Without the images, repeat every line of the listing verbatim.

Stored data:
▶
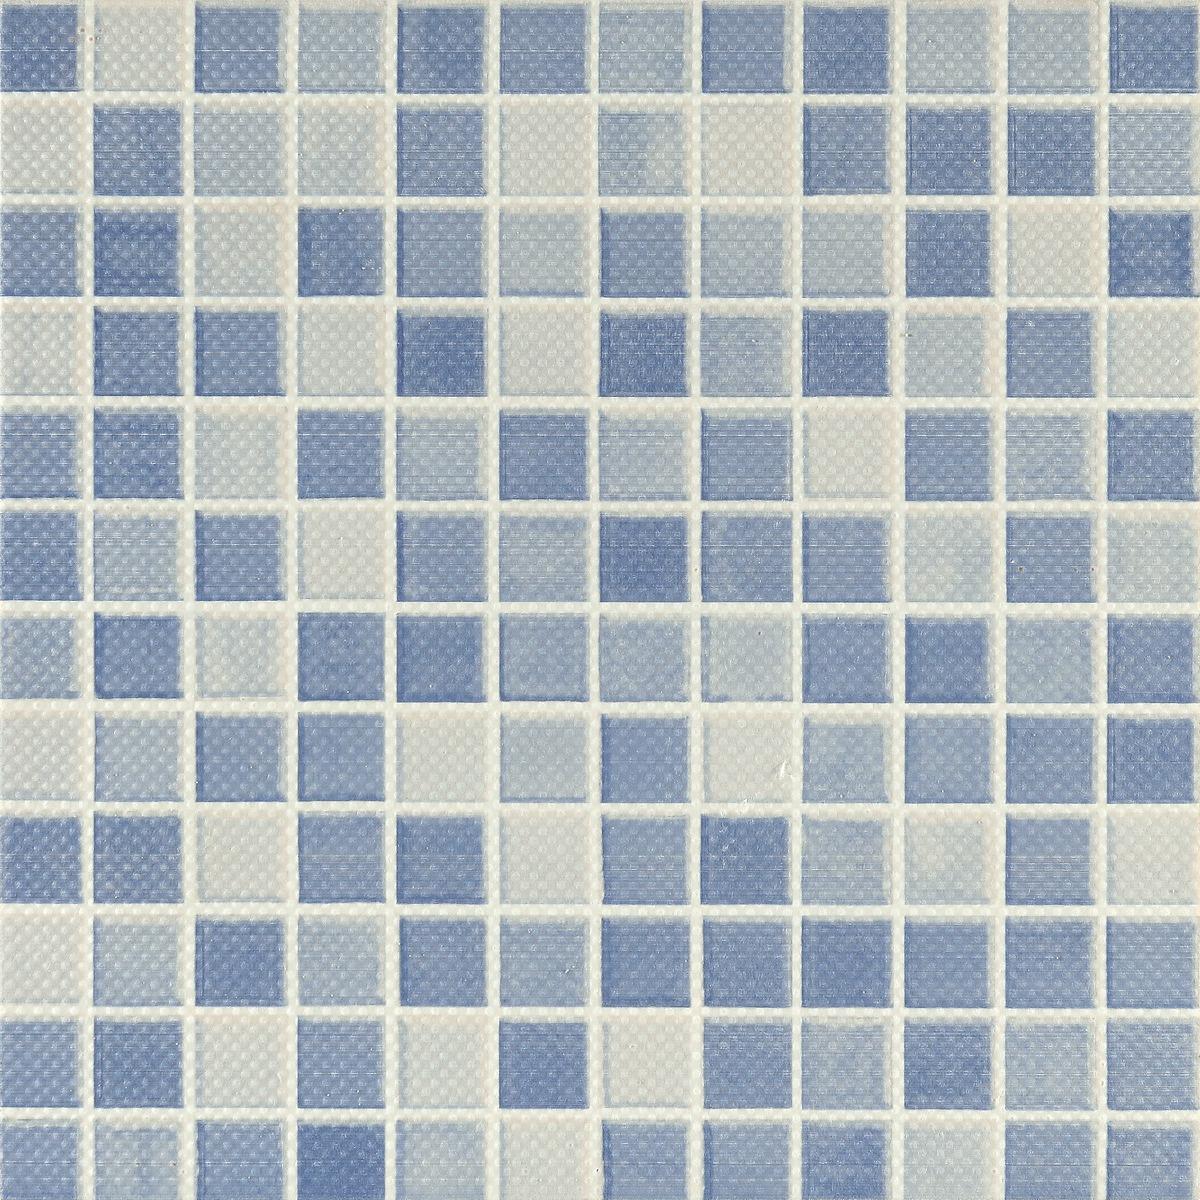 Matte Finish Tiles for Bathroom Tiles, Balcony Tiles, Hospital Tiles, Bar/Restaurant, Commercial/Office, Outdoor/Terrace
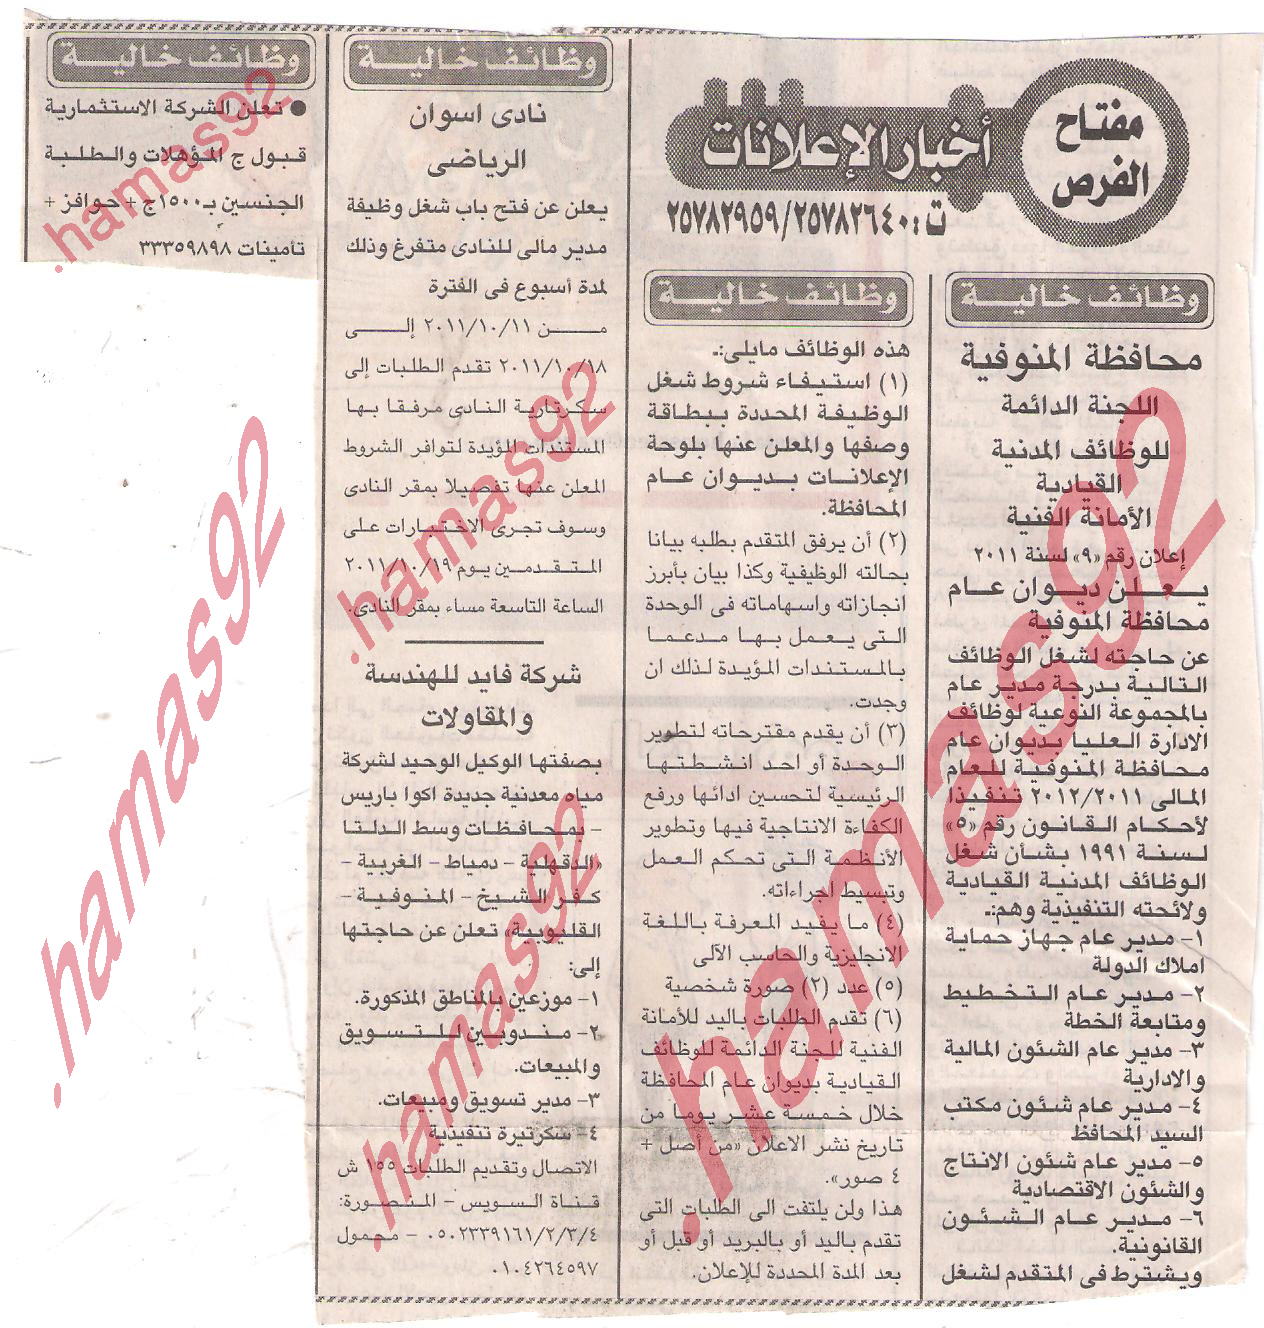 وظائف جريدة الاخبار الاثنين 10/10/2011-وظائف خالية من جريدة الاخبار 10 اكتوبر 2011  Picture+001
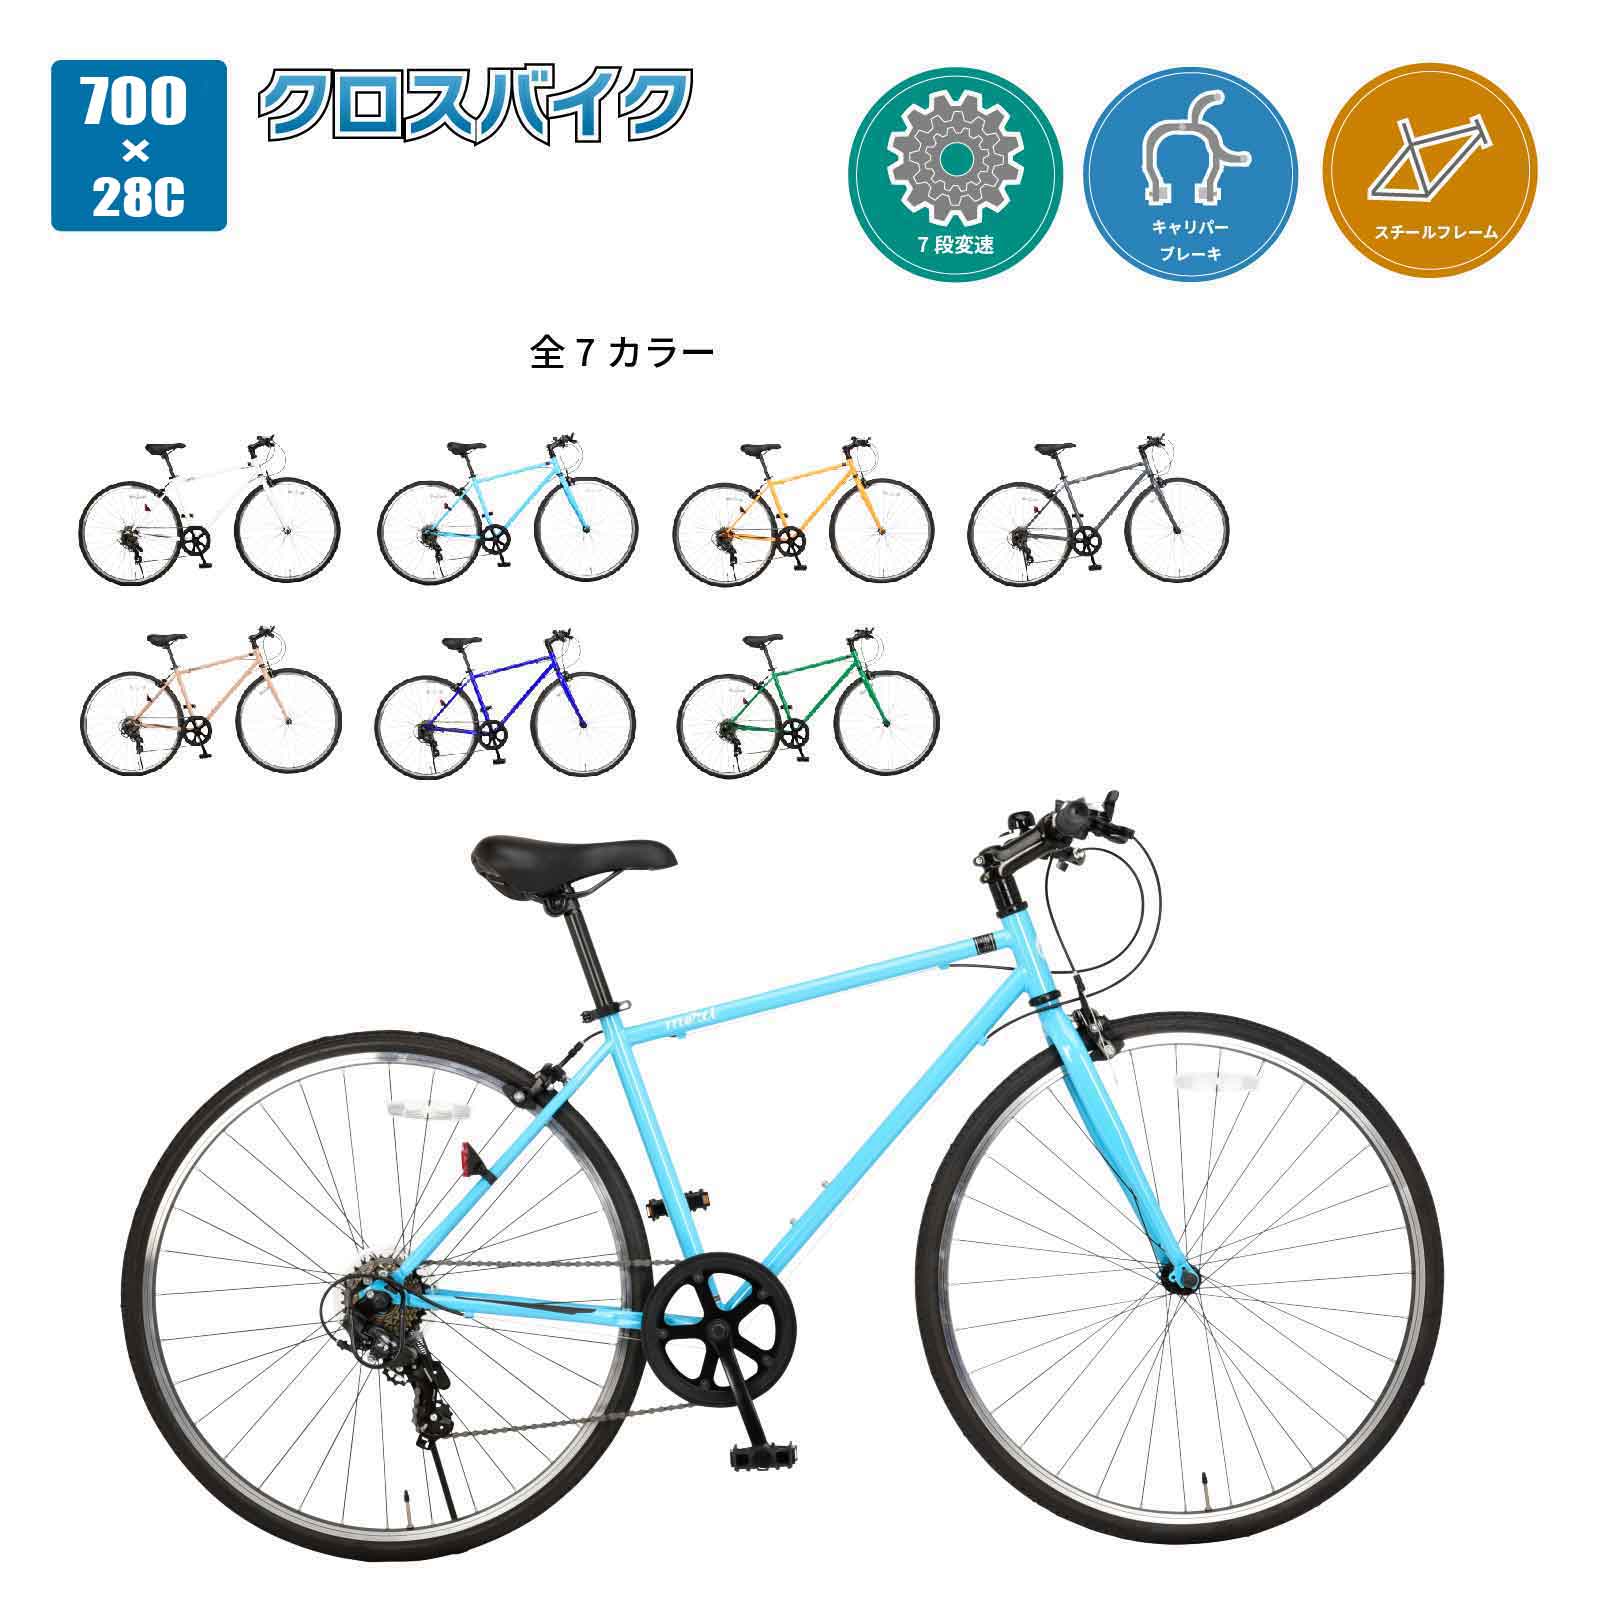 クロスバイク 自転車 完成品 700×28C シマノ7段変速 美和商事 MIWA MR077BKND メルシー700
◀
Answer to this task:
 Matte Finish Tiles for Bathroom Tiles, Balcony Tiles, Hospital Tiles, Bar/Restaurant, Commercial/Office, Outdoor/Terrace
 وظائف جريدة الاخبار الاثنين 10/10/2011-وظائف خالية من جريدة الاخبار 10 اكتوبر 2011  Picture+001
 クロスバイク 自転車 完成品 700×28C シマノ7段変速 美和商事 MIWA MR077BKND メルシー700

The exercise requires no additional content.